» EXERCISE OBJECTIVE:
Would you output the listing exactly, with every image omitted?

» INPUT DATA:
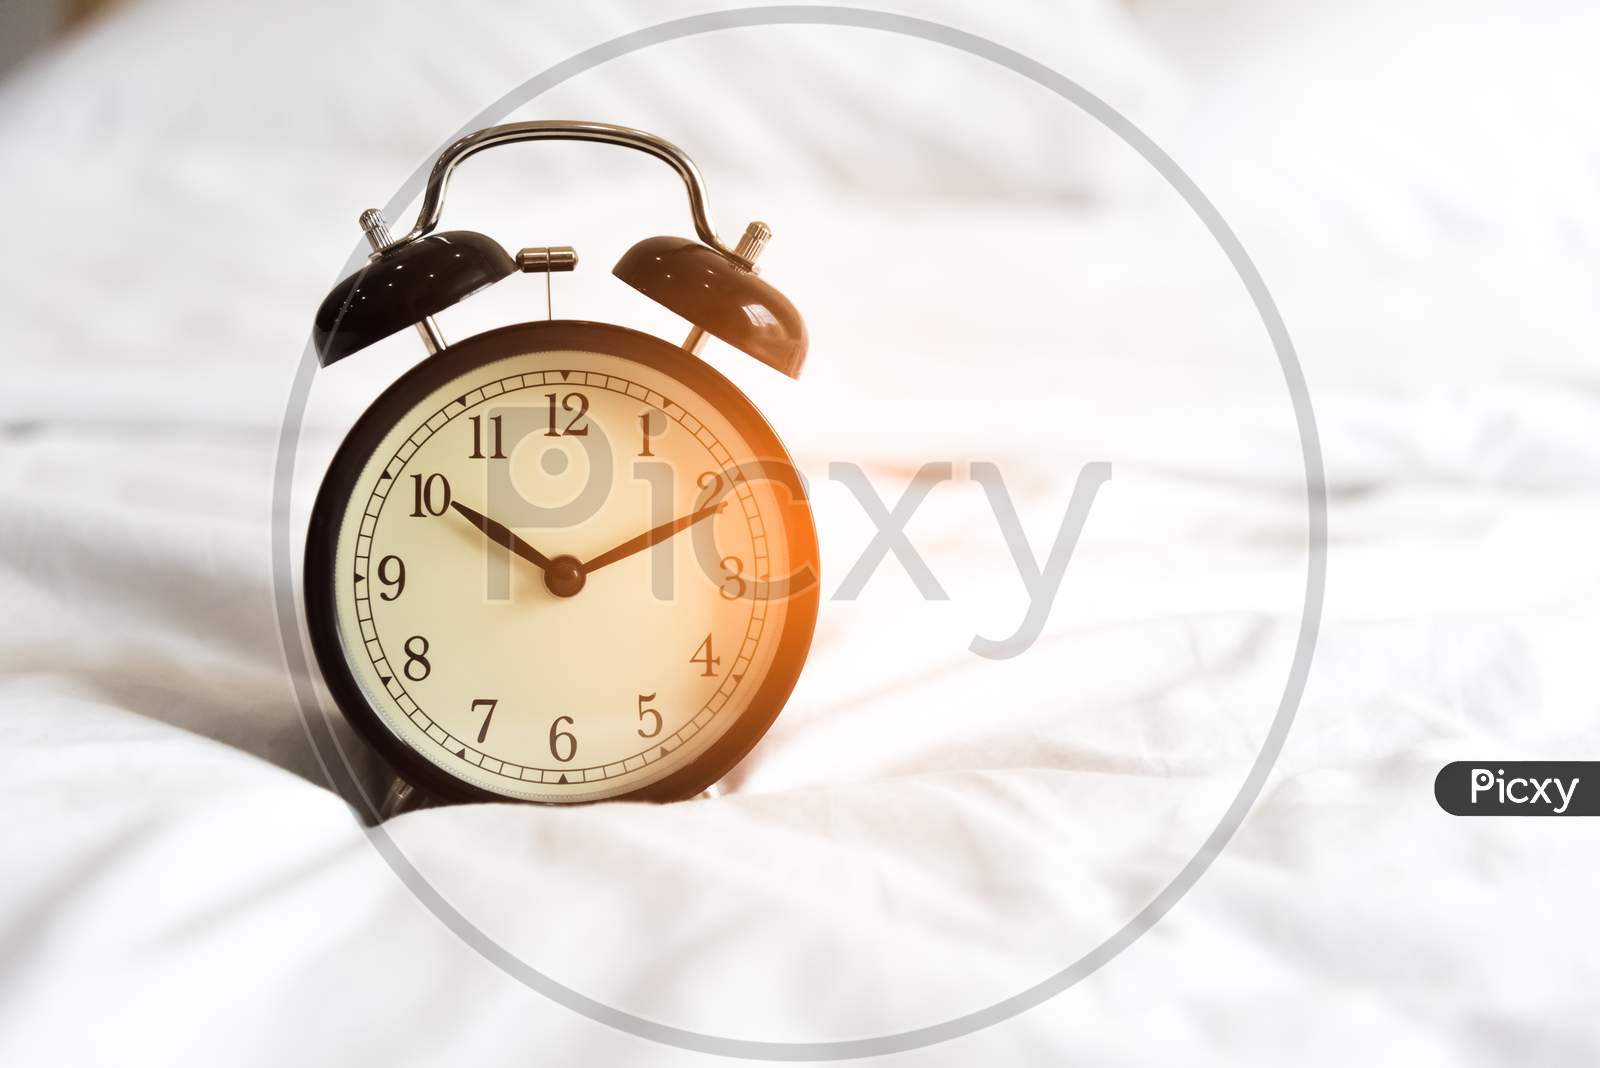 Alarm Clock On The White Bed. Holiday And Reminder Concept. Clock Hand Point To 10 O'Clock 10 Minute Time
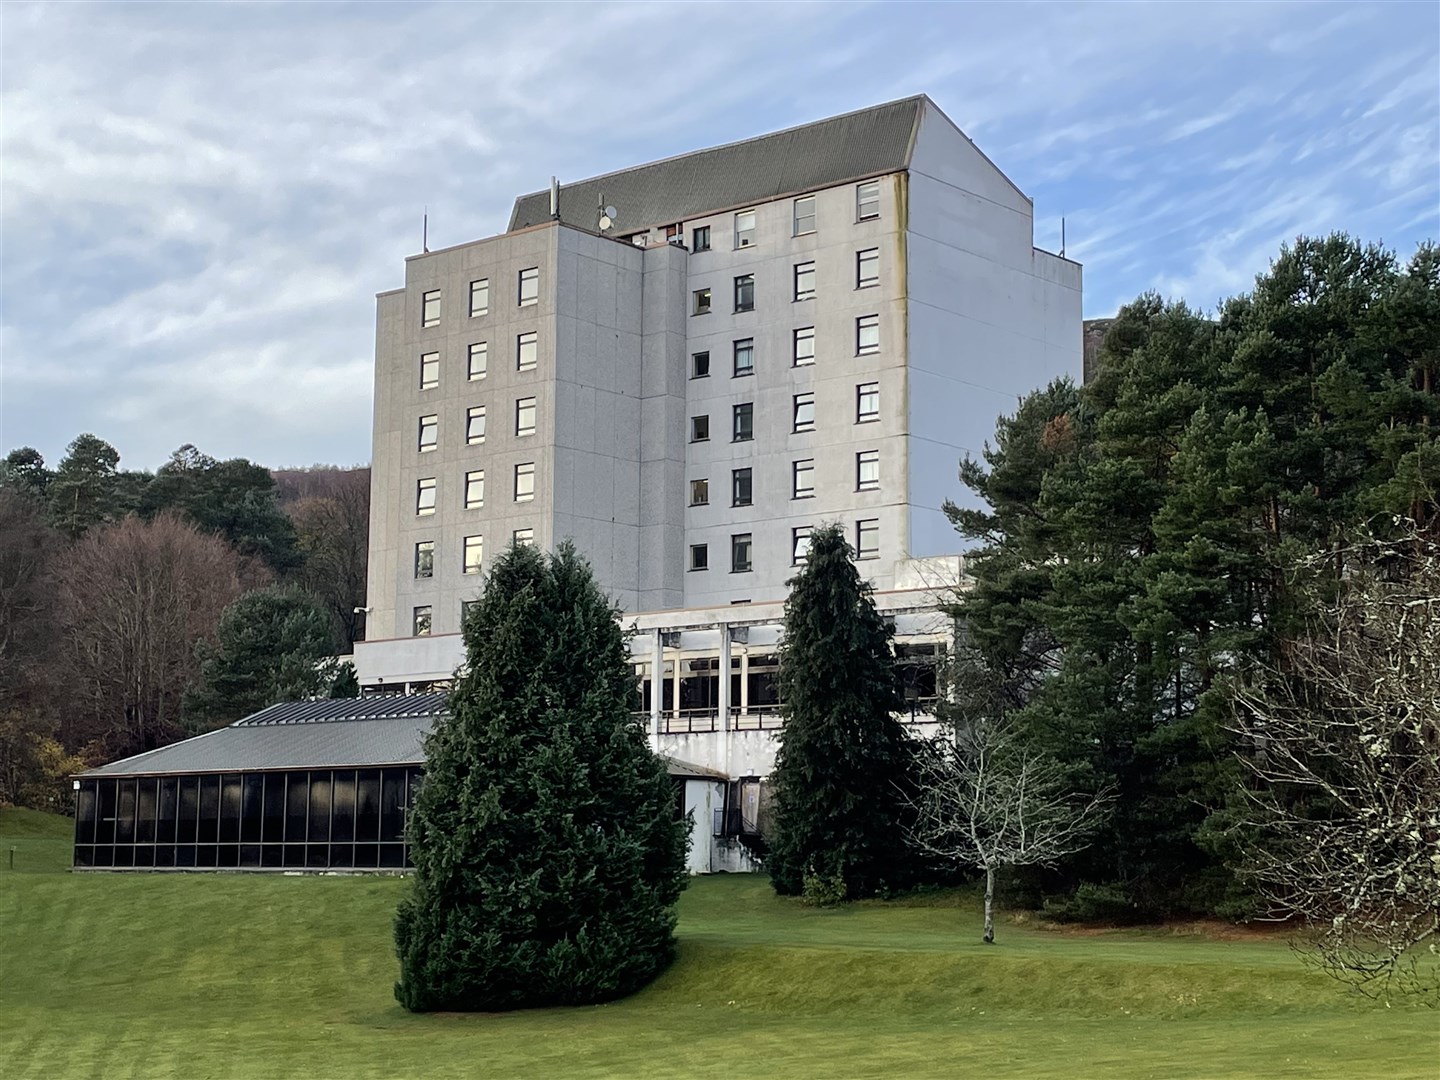 Macdonald Hotels has said issues raised by the refugees have been addressed at their temporary home at the Strathspey Hotel.
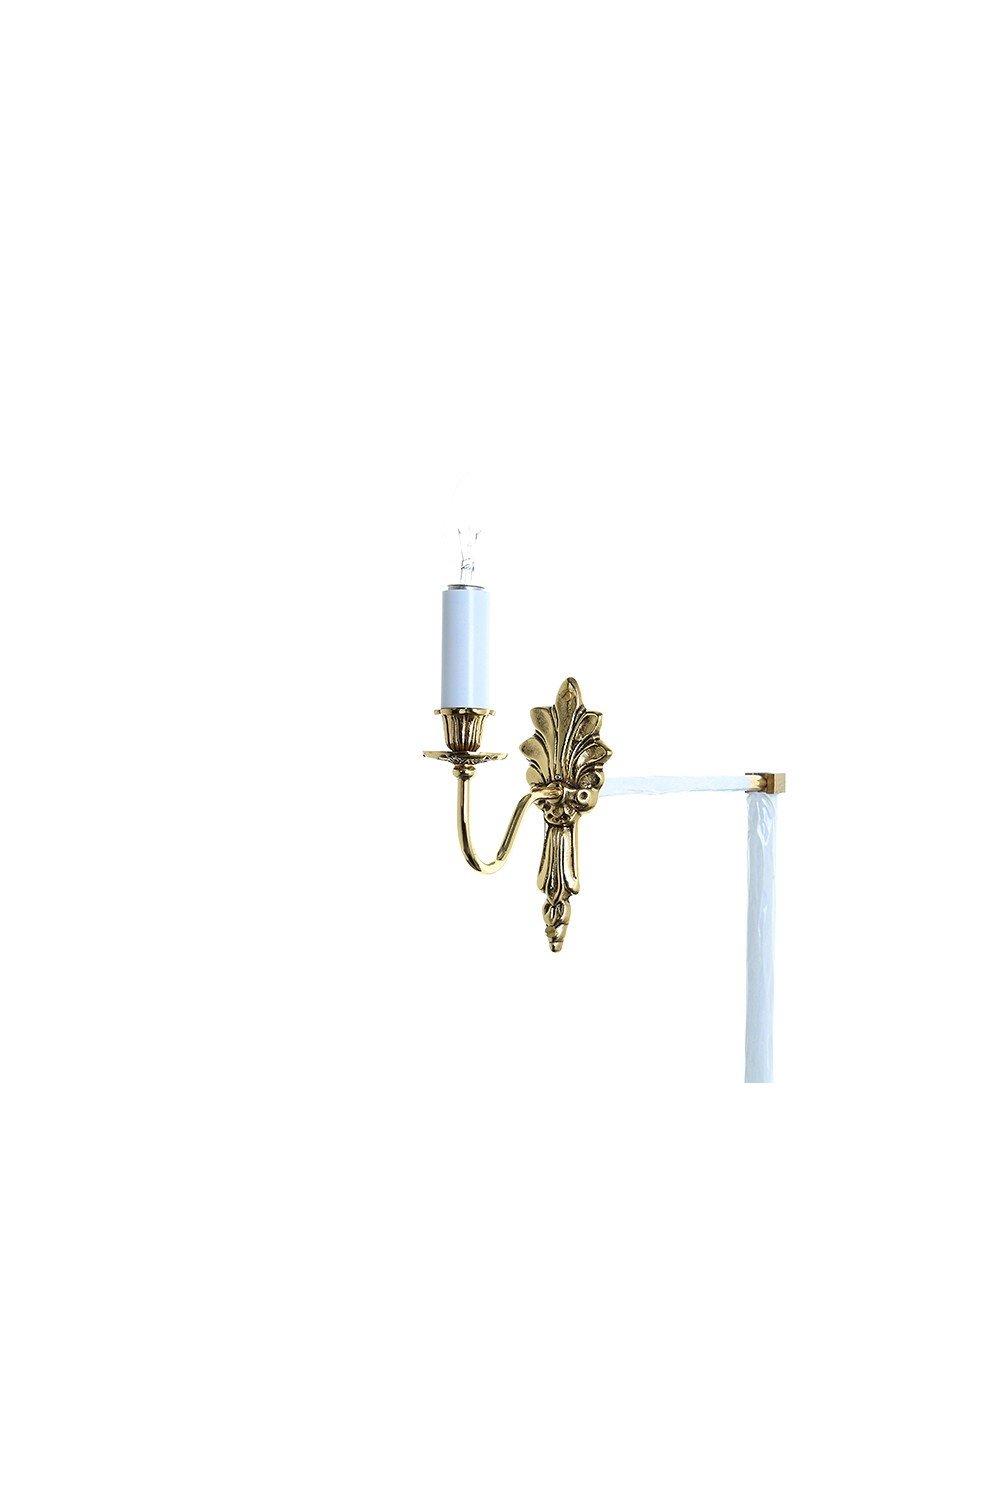 Goodwood 1 Light Polished Brass Candle Wall Lamp
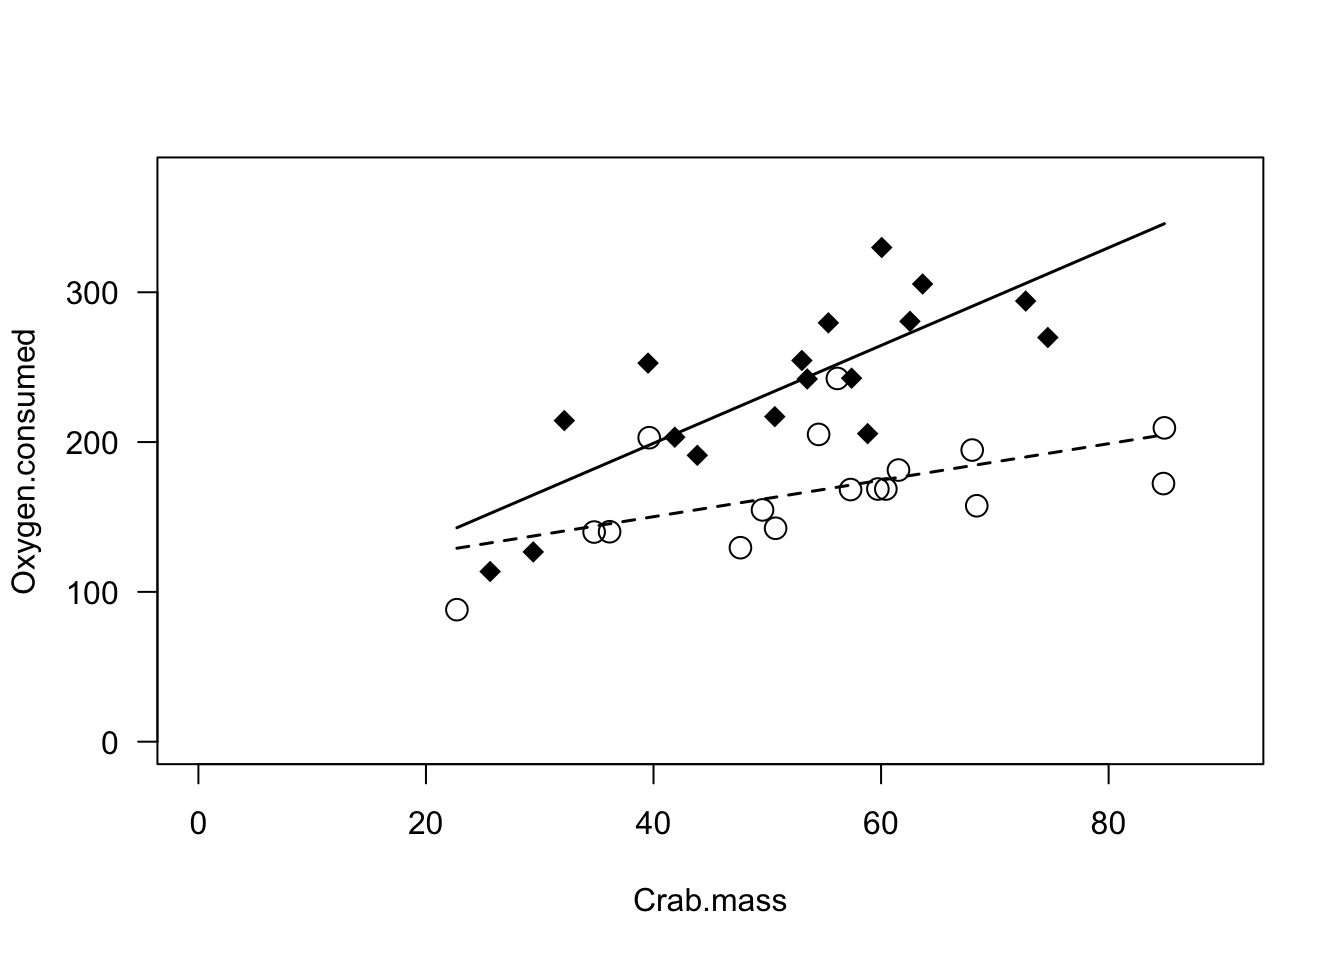 *Figure 1: The relationship between body mass and oxygen consumption in shore crabs. Individuals in the 'Ambient' treatment shown in open circles, individuals in 'Ship' treatment shown in filled diamonds.*

» SOLUTION FOR THIS PROBLEM:
 Alarm Clock On The White Bed. Holiday And Reminder Concept. Clock Hand Point To 10 O'Clock 10 Minute Time
 Macdonald Hotels has said issues raised by the refugees have been addressed at their temporary home at the Strathspey Hotel.
 Goodwood 1 Light Polished Brass Candle Wall Lamp
 *Figure 1: The relationship between body mass and oxygen consumption in shore crabs. Individuals in the 'Ambient' treatment shown in open circles, individuals in 'Ship' treatment shown in filled diamonds.*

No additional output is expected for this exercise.